### YOUR GOAL
Return the line that has "Yellow Dish Art Pottery" and all lines below it through the last, exactly as they stand; omit pictures.
**** SUPPLIED RECORDS
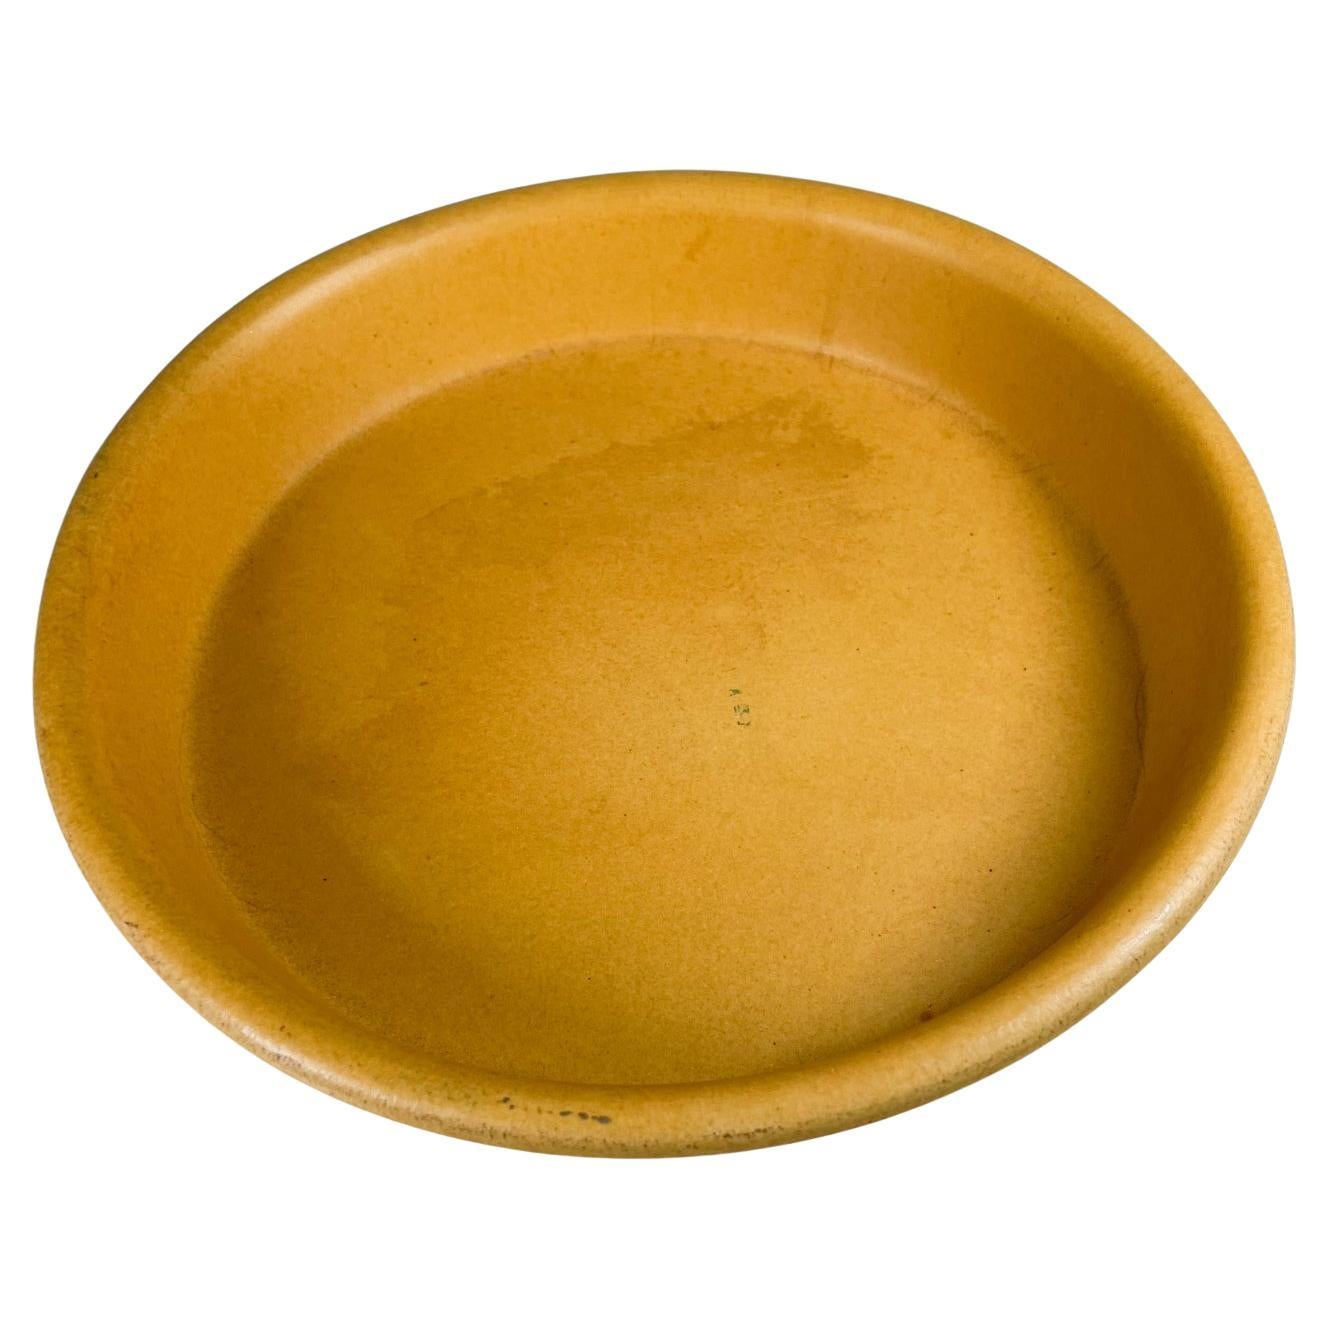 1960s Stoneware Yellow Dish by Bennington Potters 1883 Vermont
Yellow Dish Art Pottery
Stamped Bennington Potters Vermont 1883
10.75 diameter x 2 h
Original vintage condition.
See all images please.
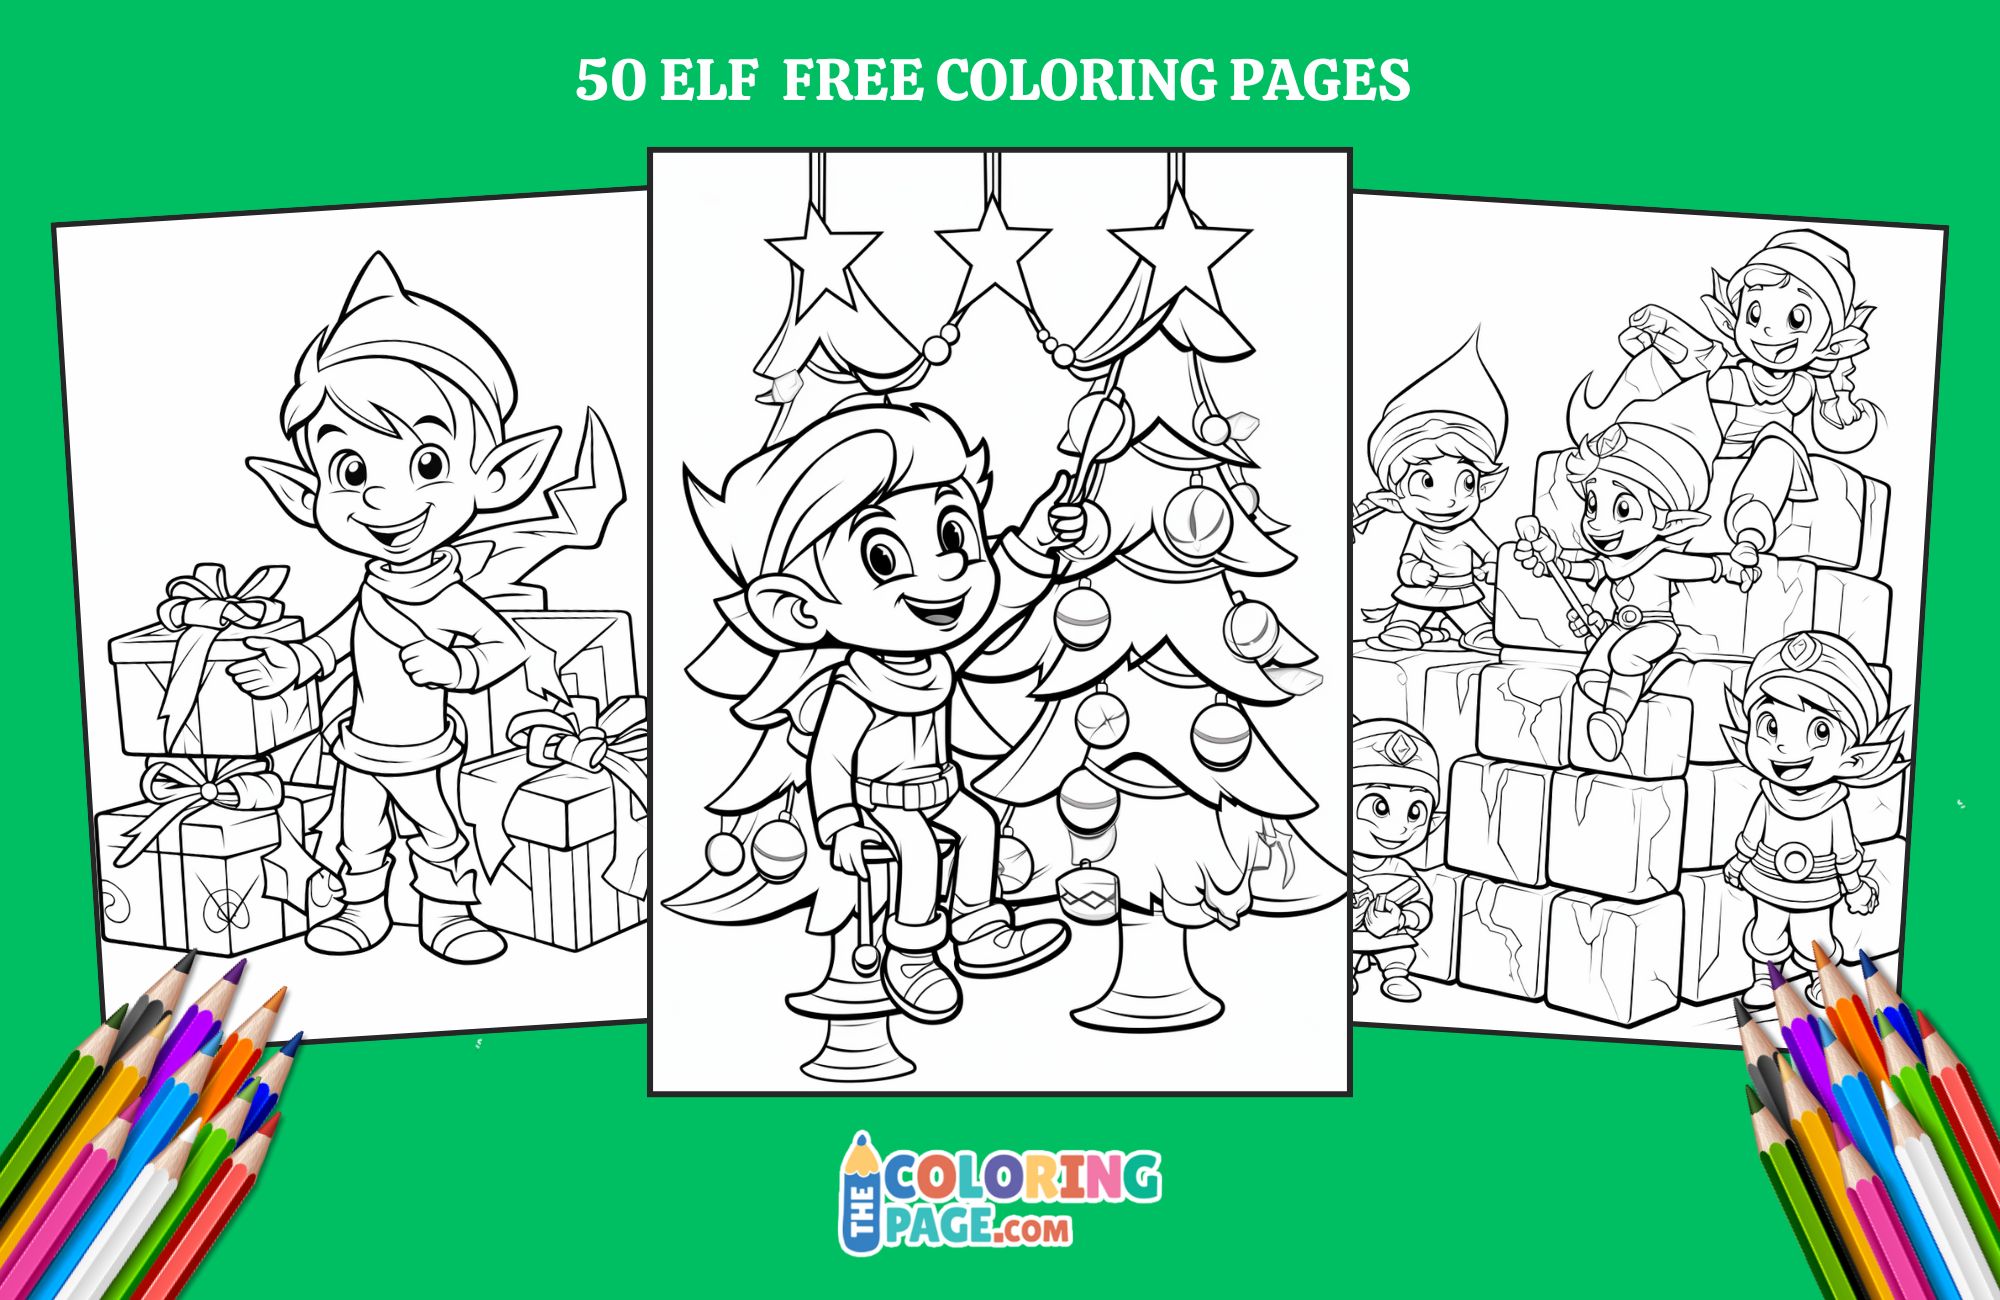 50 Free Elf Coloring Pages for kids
********
### RESPONSE BELOW
Yellow Dish Art Pottery
Stamped Bennington Potters Vermont 1883
10.75 diameter x 2 h
Original vintage condition.
See all images please.
 50 Free Elf Coloring Pages for kids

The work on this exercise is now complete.